Marcos Antônio Malachias Júnior (; born 30 April 1982), commonly known as Marquinhos, is a Brazilian-born Bulgarian retired footballer who played as a midfielder.

Club career
Born in Campinas, Marquinhos started his career at Guaçuano in 2004. In February 2006 he signed with Bulgarian club Belasitsa Petrich from Guaçuano. He made his debut for the club on 4 March 2006 in an A PFG match against Naftex Burgas. Marquinhos made 13 league appearances to the end of the season, scoring five goals, helping the club avoid relegation. In the following 2006–07 season he finished the league campaign with 12 goals in 28 appearances.

On 28 May 2007, Marquinhos moved to CSKA Sofia. The deal was reported to be worth around €150,000. Marquinhos's competitive debut for the club came in CSKA's opening match at away to Litex Lovech on 11 August.

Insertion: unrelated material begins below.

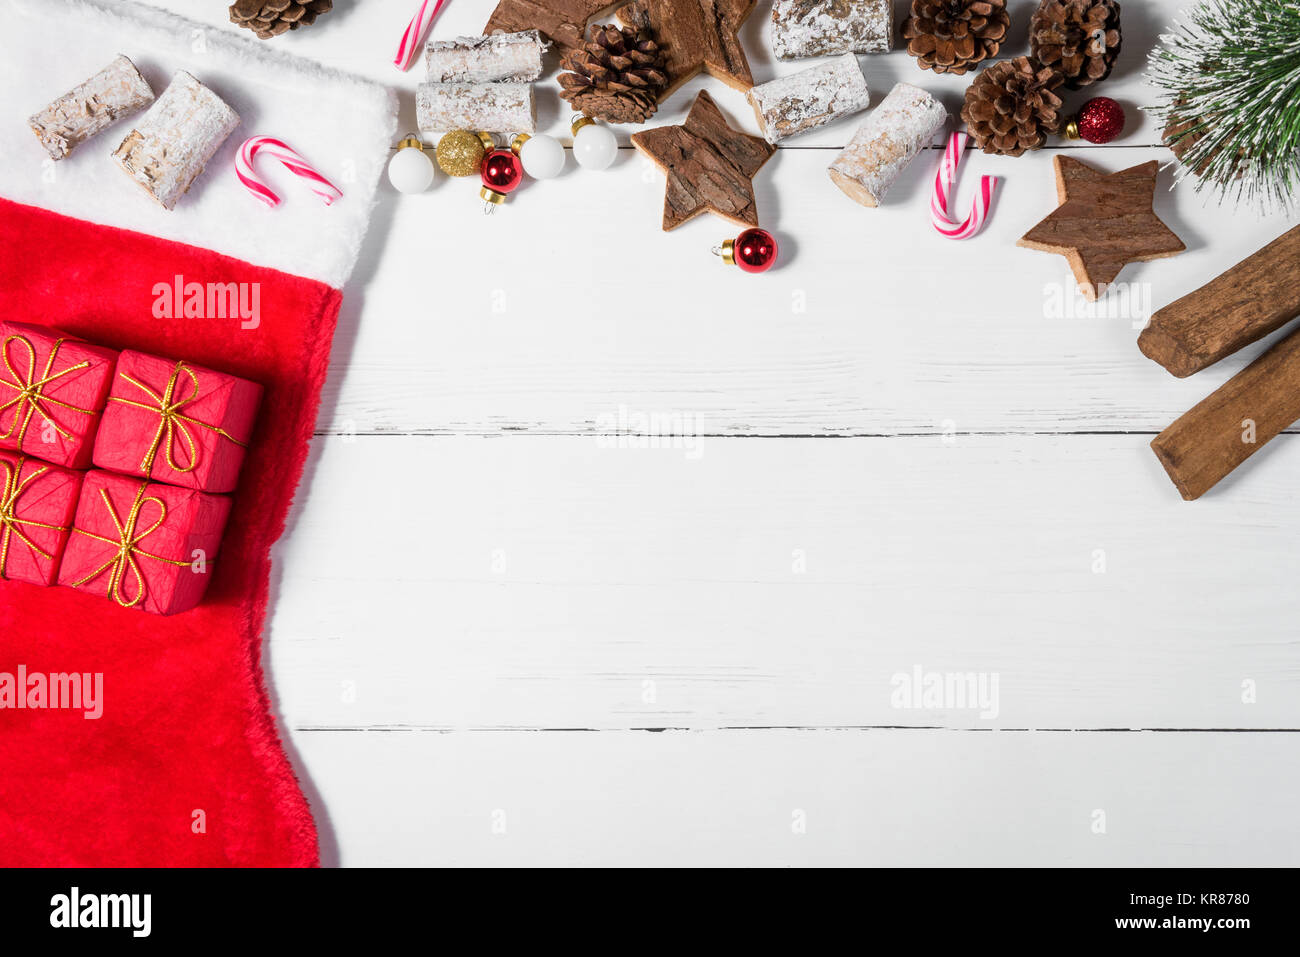 Christmas Stocking and Ornaments Spread Out over White Wooden Table Stock Photo

On 8 March 2008, Marquinhos scored his first CSKA goal in a 3–1 away win over his previously club Belasitsa.

He scored the equalizing goal in the 1–1 away draw against Derry City on 6 August 2009 to enable his team to progress to the next stage of the UEFA Europa League. He suffered an injury in December 2009, which took him out of play for a couple of months.

On 4 November 2010, Marquinhos scored the winning goal against Rapid Wien in a 2–1 away victory of Europa League group stage. On 25 May 2011, he assisted Spas Delev in a 1–0 win over Slavia Sofia in the final of Bulgarian Cup.

Marquinhos announced retirement on 16 December 2016 after leaving Montana and would start studying in NSA and focus on manager career.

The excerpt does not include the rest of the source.